It is difficult to understand how anyone in the House of Commons could object to that approach. I assume that even the Paymaster General is sympathetic to my argument, yet the Bill contains no reference to the matters that I have raised so far. It would have been open to the Government, in implementing the decision by which, I accept, they are bound under European law and an international obligation, to ensure that many of the provisions that have been discussed by hon. Members were incorporated in the Bill.

The Paymaster General has defended the Bill, and that is understandable, but the Government could have included provisions of the sort that have been suggested to ensure that the House has opportunities for proper debate, which the European Union's institutions have already.

The Government say that we must debate the Bill, but not more than the Bill. They say that we must debate only how an increase in own resources should be implemented. At the same time, the European Parliament, the Commission and even the Council consider own resources as they consider budgetary discipline and fraud. Curiously, an earlier draft from the Commission contained a specific reference to fraud, which was deleted only after the adoption procedure in Council. I am talking not about a Labour party draft or the publication of a quango or pressure group but about the text of a document that was agreed by the Commission. As I have said, it contained a specific reference to fraud, which showed that the Commission was concerned about fraud in terms of spending alongside own resources.

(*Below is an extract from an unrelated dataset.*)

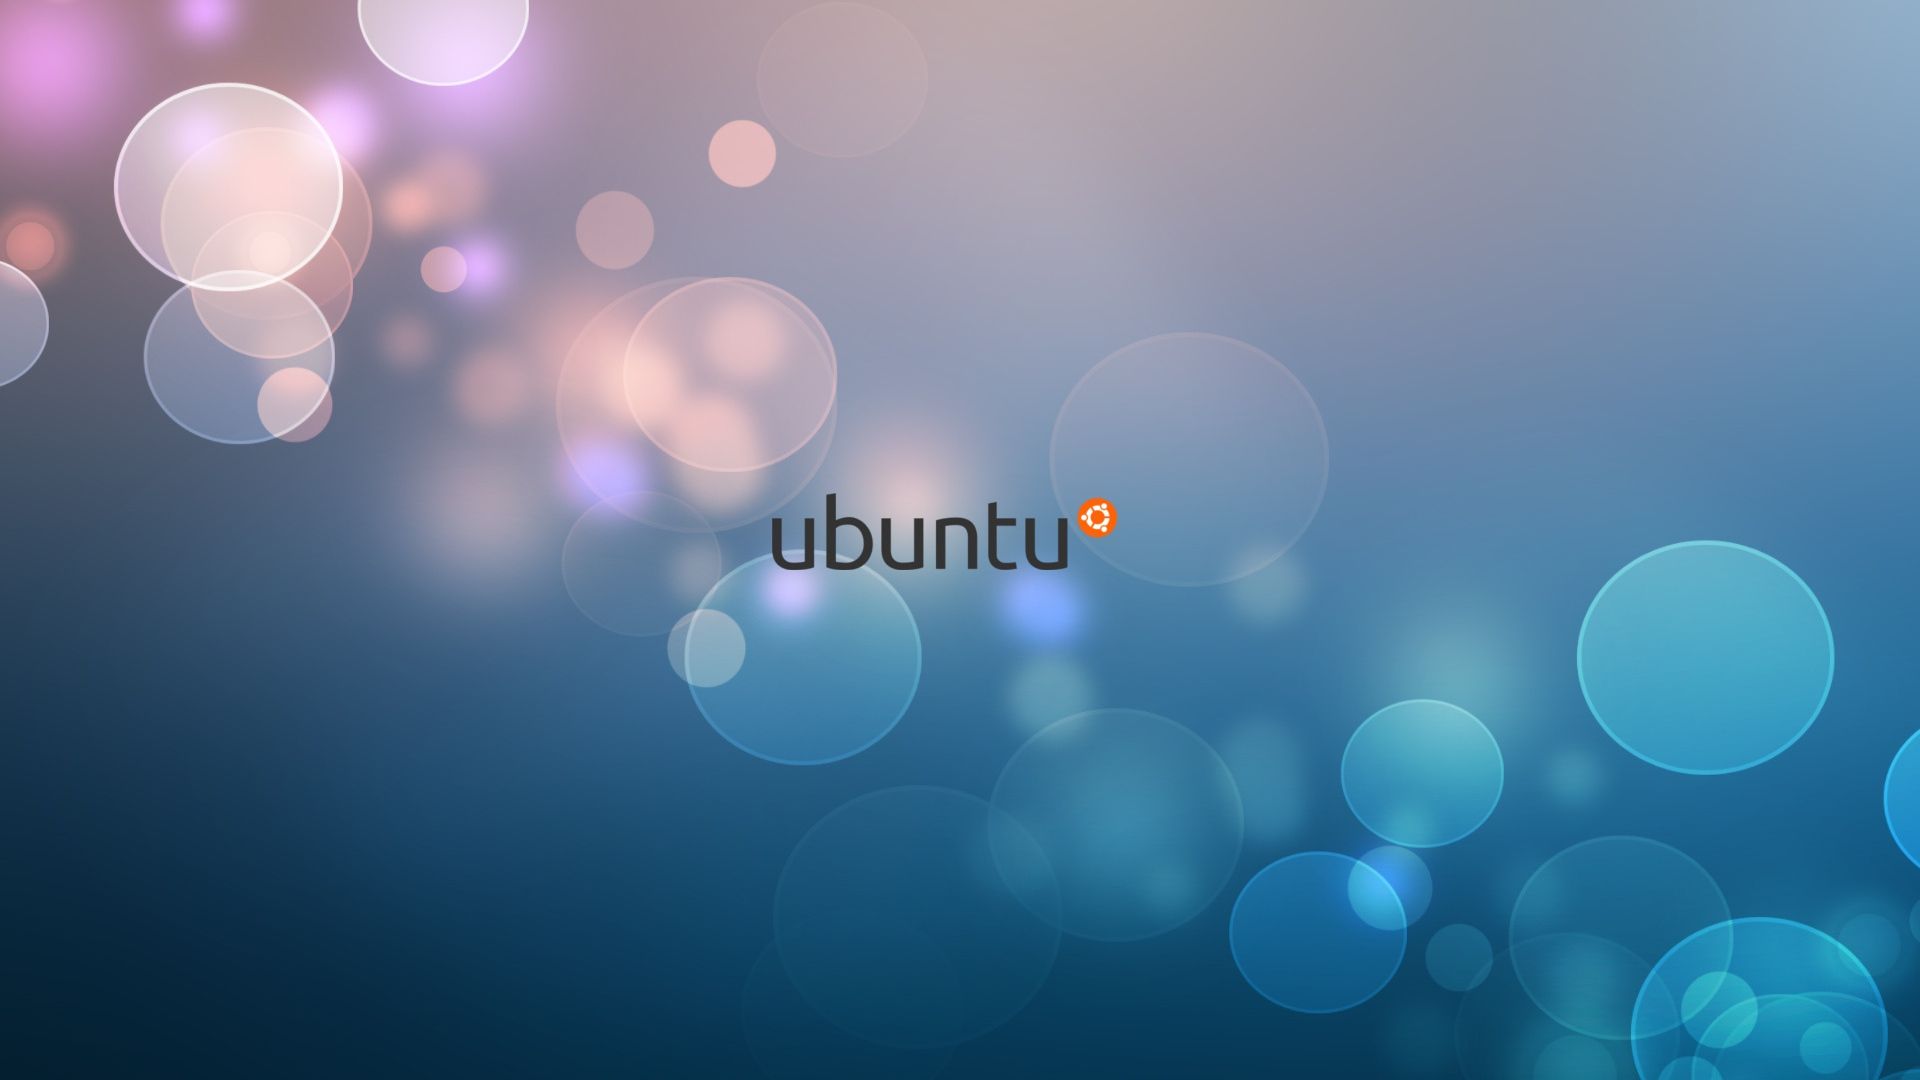 Download Wallpaper 1920x1080 Ubuntu, Bubbles, Linux Full HD 1080p ...

New clause 3 refers specifically to a Council regulation on the protection of the Community's financial interests. That regulation is not restricted to the raising of revenue or the spending of revenue, for both issues are raised in the same document. Fraud is defined in the regulation as being a "diminution" of the Community's own resources or other revenue. The document refers to fraud in the raising of revenue in terms of own resources, and it treats fraud in expenditure in the same way. That is what all hon. Members who have spoken in the debate have invited the Government to do, with the exception of the Paymaster General.

Mr. Stevenson: Perhaps my hon. Friend will reflect on the question that I put to the Paymaster General, to which he did not respond. We are talking about how revenue is expended as well as how it is raised. I argue that transferring significant parts of agriculture expenditure from one year to the next constitutes a de facto breach of the current guidelines.

Mr. Hoon: I shall not be tempted to go along that path too far, but where there are clear decisions of European Union institutions-- such as the decision on budgetary discipline, which set out a framework for spending-- and the guidelines are breached, surely that is a matter for consideration by the House of Commons, especially when we are considering the payment of extra funds to the European Union.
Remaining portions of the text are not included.